Quantifying pluripotency landscape of cell differentiation from scRNA-seq data by continuous birth-death process

  • Jifan Shi, 
  • Tiejun Li, 
  • Luonan Chen, 
  • Kazuyuki Aihara
PLOS
x

Abstract

Modeling cell differentiation from omics data is an essential problem in systems biology research. Although many algorithms have been established to analyze scRNA-seq data, approaches to infer the pseudo-time of cells or quantify their potency have not yet been satisfactorily solved. Here, we propose the Landscape of Differentiation Dynamics (LDD) method, which calculates cell potentials and constructs their differentiation landscape by a continuous birth-death process from scRNA-seq data. From the viewpoint of stochastic dynamics, we exploited the features of the differentiation process and quantified the differentiation landscape based on the source-sink diffusion process.
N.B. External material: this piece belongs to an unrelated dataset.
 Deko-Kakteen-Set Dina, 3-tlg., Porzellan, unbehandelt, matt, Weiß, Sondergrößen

In comparison with other scRNA-seq methods in seven benchmark datasets, we found that LDD could accurately and efficiently build the evolution tree of cells with pseudo-time, in particular quantifying their differentiation landscape in terms of potency. This study provides not only a computational tool to quantify cell potency or the Waddington potential landscape based on scRNA-seq data, but also novel insights to understand the cell differentiation process from a dynamic perspective.

Author summary

Quantifying the Waddington landscape of cell differentiation from high throughput data is a challenging problem in systems biology and biophysics. Here, we propose a theoretical method named LDD (Landscape of Differentiation Dynamics), which builds cell potentials and constructs their differentiation landscape by a continuous birth-death process from scRNA-seq data. This method well exploits the dynamical features of the differentiation process, thus quantifying the differentiation landscape in an accurate manner. We show that LDD can accurately and efficiently build the evolution tree of cells with pseudo-time, in particular quantifying their differentiation landscape in terms of potency. Taken together, this study provides not only a computational tool to quantify cell potency based on scRNA-seq data, but also a theoretical approach to understand the cell differentiation process from a dynamic perspective.
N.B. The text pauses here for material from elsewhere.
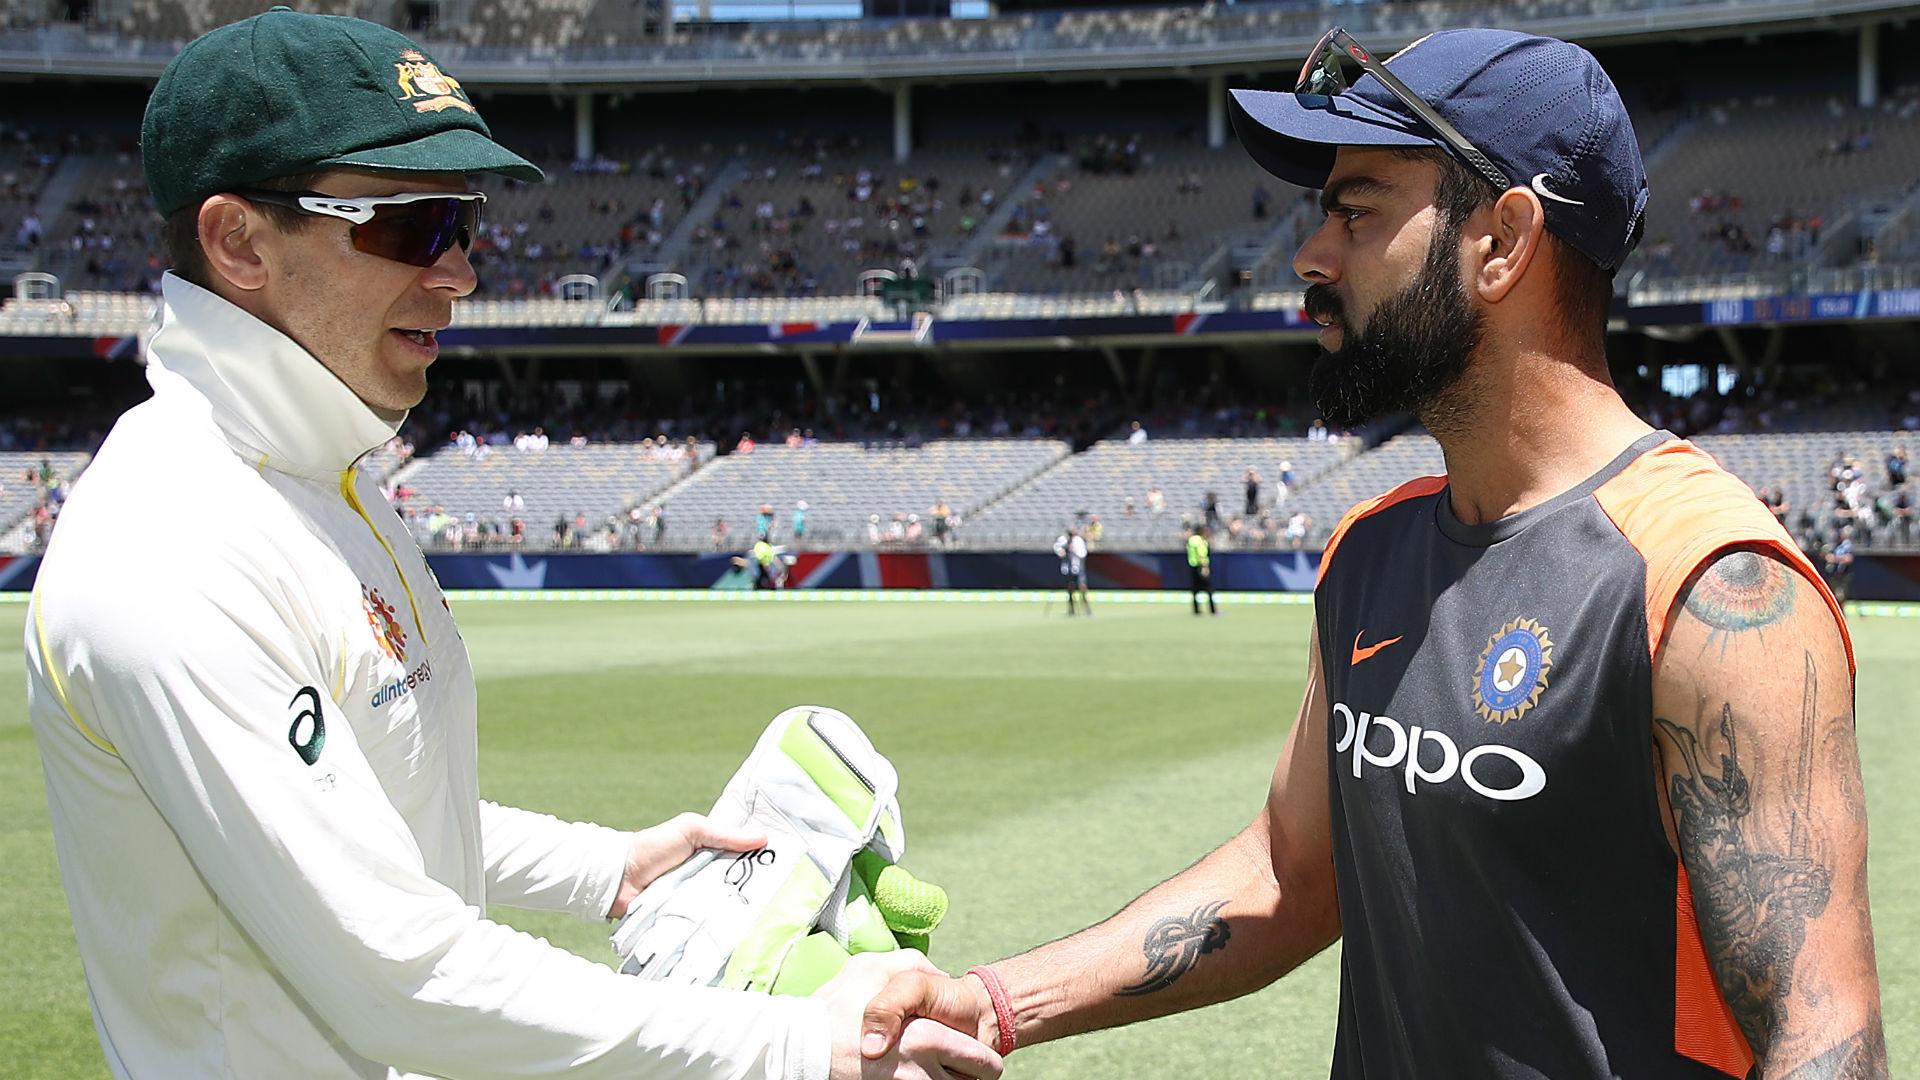 Paine takes aim at India captain Kohli after Australia crush Pakistan

This is a PLOS Computational Biology Methods paper.

Introduction

Single-cell RNA sequencing (scRNA-seq) has become a rapidly developing technique since 2009 when Tang et al. [13] first proposed the sequencing method. SMART-seq2 [4], CELL-seq [5], Drop-seq [6], and 10X genomics [7] are the most popular protocols at present. They can measure gene expressions for individual cells rather than tissue-level bulk cells without high costs. By analyzing scRNA-seq data, we can determine tissue heterogeneity and capture various developing stages of cells.

Cell differentiation is a process in which several kinds of functional cells arise from one cell type called the pluripotent cell. It is considered that cell specification results from changes in gene expression patterns. As the expression data could be extracted from single cells, many mathematical models have been built, and statistical analysis has been applied to describe the differentiation process, such as RNA velocity [8] and pseudo-time. Pseudo-time is one of the most popular approaches, which attaches a number to each sample or cell as the evolution time from the pluripotent cell. There are mainly two approaches to estimate the pseudo-time of each cell. One is the distance-based method, including Wanderlust/Wishbone [9, 10], Diffusion maps/destiny [1113], Monocle/Monocle2 [14, 15], scEpath [16] and others. This type of method defines the pseudo-time as the distance from a root cell based on a graph structure. The other type is the entropy-based method, including StemID [17], SLICE [18], SCENT [19], and Markov-chain entropy [20]. This type of method computes some predefined entropy of a cell-cell graph or a gene interaction network as the pseudo-time. We can refer to many comprehensive reviews [2123] and comparison papers [2426] for a survey of those works. Although many algorithms have been developed to analyze scRNA-seq data, how to accurately infer the pseudo-time of cells or quantify their potency has not yet been satisfactorily solved. In particular, most of the existing methods are based on statistical measures depending heavily on the samples, or based on the approximation of an equilibrium process, without a dynamical description which is essential for elucidating the differentiation process.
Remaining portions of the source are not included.